Preferably, the two ends of the frame are respectively provided with a hinge sleeve and a hinge pin shaft. The hinge sleeve on the former sorting trolley and the hinge pin shaft on the latter sorting trolley form a revolute pair.

Preferably, the bottom of the frame is provided with a plurality of ground foot stands.

The working method of the high-speed linear crossed belt sorting equipment is as follows:

the walking driving module drives the sorting trolley to circularly run. When a sorting trolley enters the lower half part from the upper half part of the rotary track, under the action of gravity, the upper track travelling wheels on the sorting trolley are separated from the inner side supporting plates on the circular track, and the lower track travelling wheels are contacted with the outer side supporting plates on the circular track, so that the steering change of the upper track travelling wheels is avoided.

When a sorting trolley enters the upper half part from the lower half part of the rotary track, the lower track travelling wheels on the sorting trolley are separated from the outer side supporting plates on the circular track under the action of gravity, and the lower track travelling wheels are in contact with the inner side supporting plates on the circular track, so that the steering change of the lower track travelling wheels is avoided.

The invention has the beneficial effects that:

1. the sorting trolley adopts a double-travelling-wheel structure, and different travelling wheels are used when the annular upper-layer track and the annular lower-layer track are arranged, so that the sudden change of the steering of the travelling wheels when the track is changed in the middle of the rotary track is avoided, the noise and the vibration generated when the travelling wheels switch the inner and outer annular tracks are obviously reduced, and the structural condition of high-speed movement is created.

2. The invention only arranges the electric brush structure on the upper layer track, but does not arrange the electric brush structure on the lower layer track and the revolving track, thus being capable of obviously reducing the cost. Meanwhile, under the condition that the lower-layer track and the rotary track are not provided with the sliding contact line groups, the abrasion of the line concentration arms on the sorting trolleys can be reduced, and convenience is brought to the installation and debugging of the structure.

3. According to the sorting trolley, the single-side flat-plate linear motor is adopted, the secondary plate is horizontally arranged, the height of the equipment is obviously reduced, the gravity center of the sorting trolley is closer to the contact point of the traveling wheel, and the operation is more stable; in addition, the protection wheels are arranged on the two sides of the linear motor, so that the linear motor can be prevented from being collided and damaged by separation or jumping of the secondary plate.
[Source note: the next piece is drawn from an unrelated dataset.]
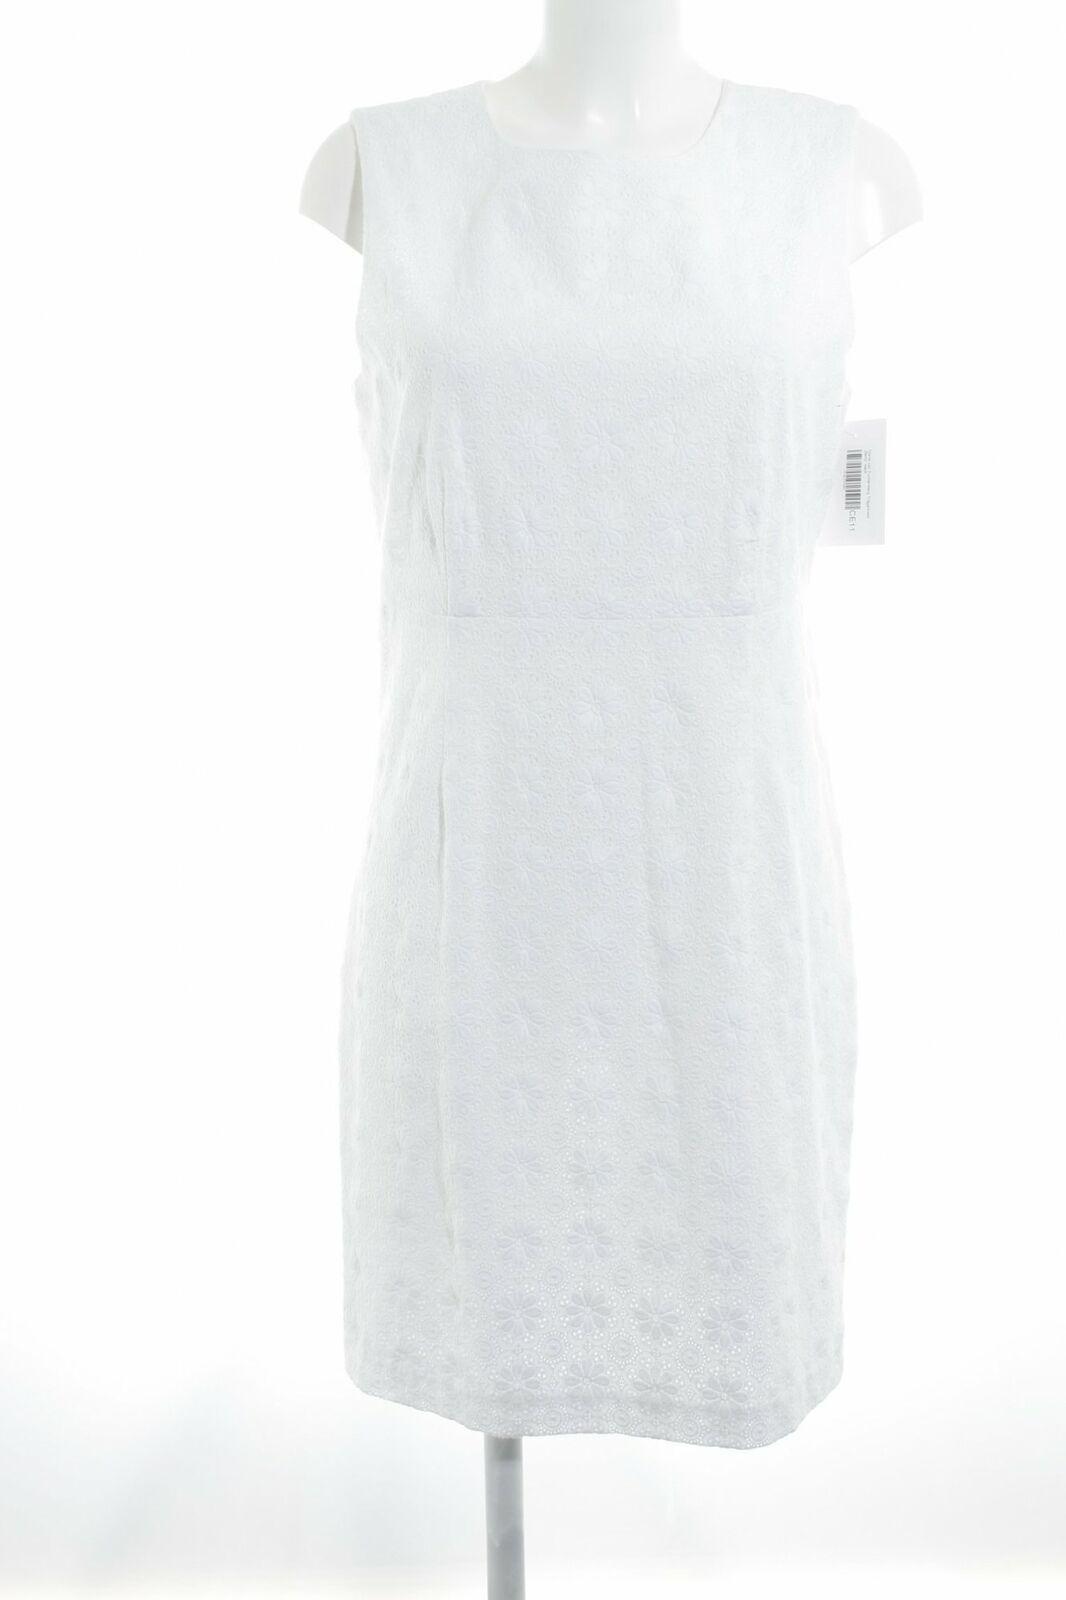 Diane Von Furstenberg abito spalline    Betty  Bianco Donna Tg. de 38 Bianco Abito Dress 0cac96

4. The rotary track is processed by adopting a split structure, relative positioning of the two unilateral track plates is realized by the four positioning columns and the circular limiting grooves, concentricity of the left unilateral track plate and the right unilateral track plate is ensured, and field assembly can be carried out in a sorting field, so that transportation cost and the required storage space are reduced.

Drawings

Fig. 1 is a schematic diagram of reversing jumping of a traveling wheel of a conventional linear crossed belt sorting device.
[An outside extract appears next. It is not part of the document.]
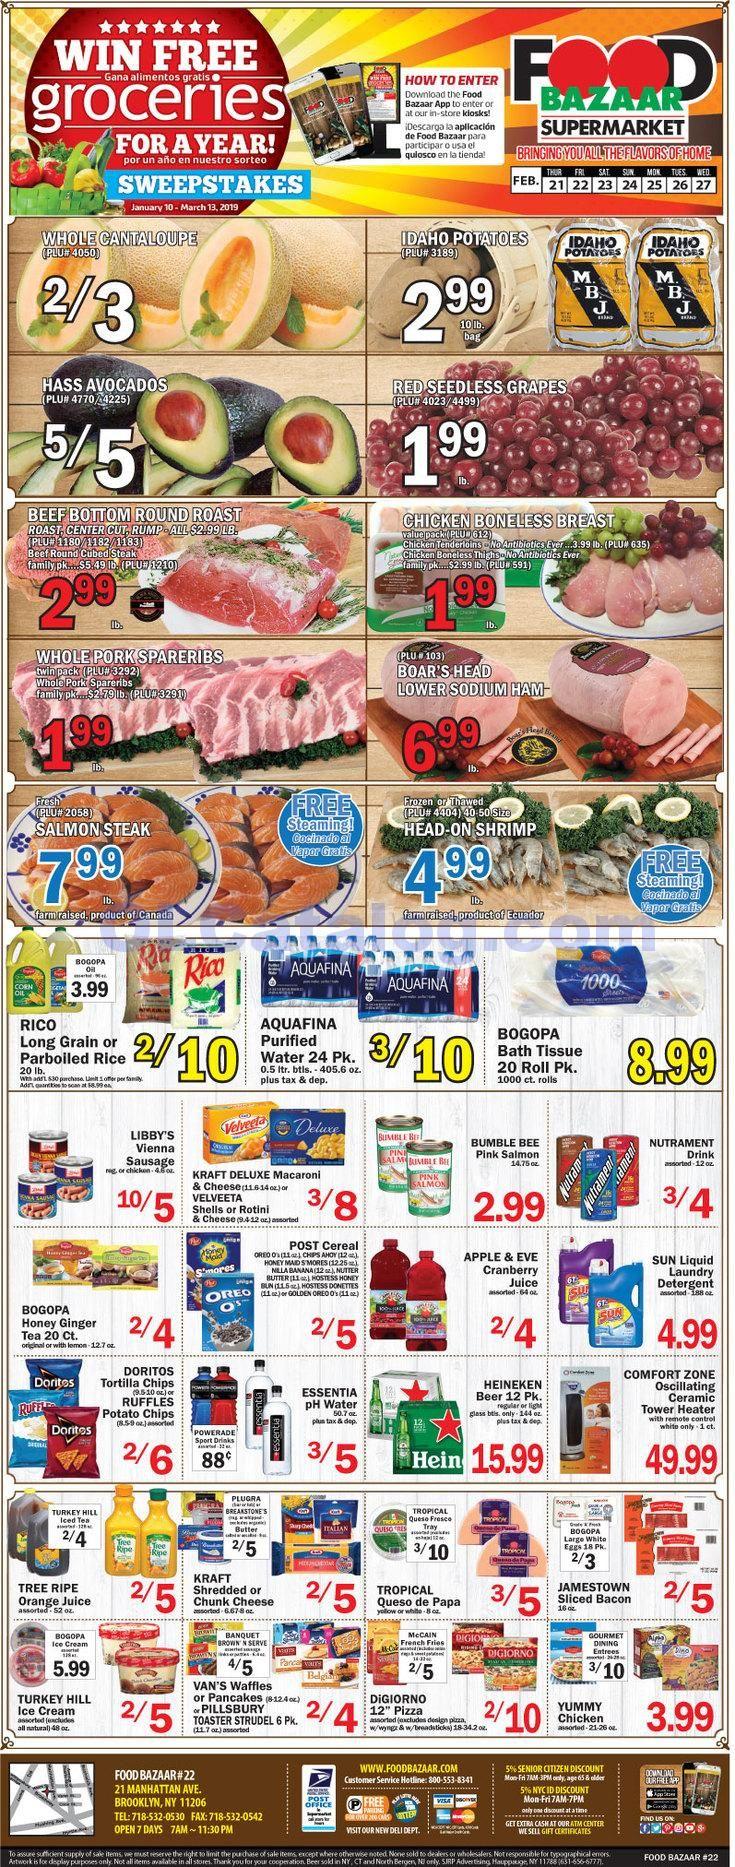 Food bazaar weekly ad february 21 27 2019 do you know

FIG. 2 is a schematic view of the overall structure of the present invention;

FIG. 3 is an enlarged view of a portion A of FIG. 2;

FIG. 4 is a first perspective view of the sorting cart of the present invention;

FIG. 5 is a second perspective view of the sorting cart of the present invention;

FIG. 6 is a schematic front view of a sorting cart according to the present invention;

FIG. 7 is a perspective view of a swing rail according to the present invention;

FIG. 8 is a schematic front view of a swing rail according to the present invention;

FIG. 9 is a perspective view of a single-sided track plate according to the present invention;

FIG. 10 is a front view of a single-sided track plate according to the present invention;

fig. 11 is a perspective view of the walking driving module of the present invention.

Detailed Description

The invention is further described below with reference to the accompanying drawings.

Example 1

As shown in fig. 2 and 3, the high-speed linear cross belt sorting equipment comprises a rack 3, an annular track 1, a walking driving module 4, a sliding contact module 5 and a sorting trolley 6 with a double-wheel structure. The endless track 1 is mounted on a frame 3. A plurality of letter sorting dolly 6 that are annular end to end in proper order sets up on circular orbit 1 to can be along the orbital motion. The bottom of the frame 3 is provided with a plurality of ground foot stands 3-1 for fixing with the ground. One end at the top of the annular track 1 is provided with an upper wrapping table, and the other end is provided with a plurality of lower wrapping lattice openings.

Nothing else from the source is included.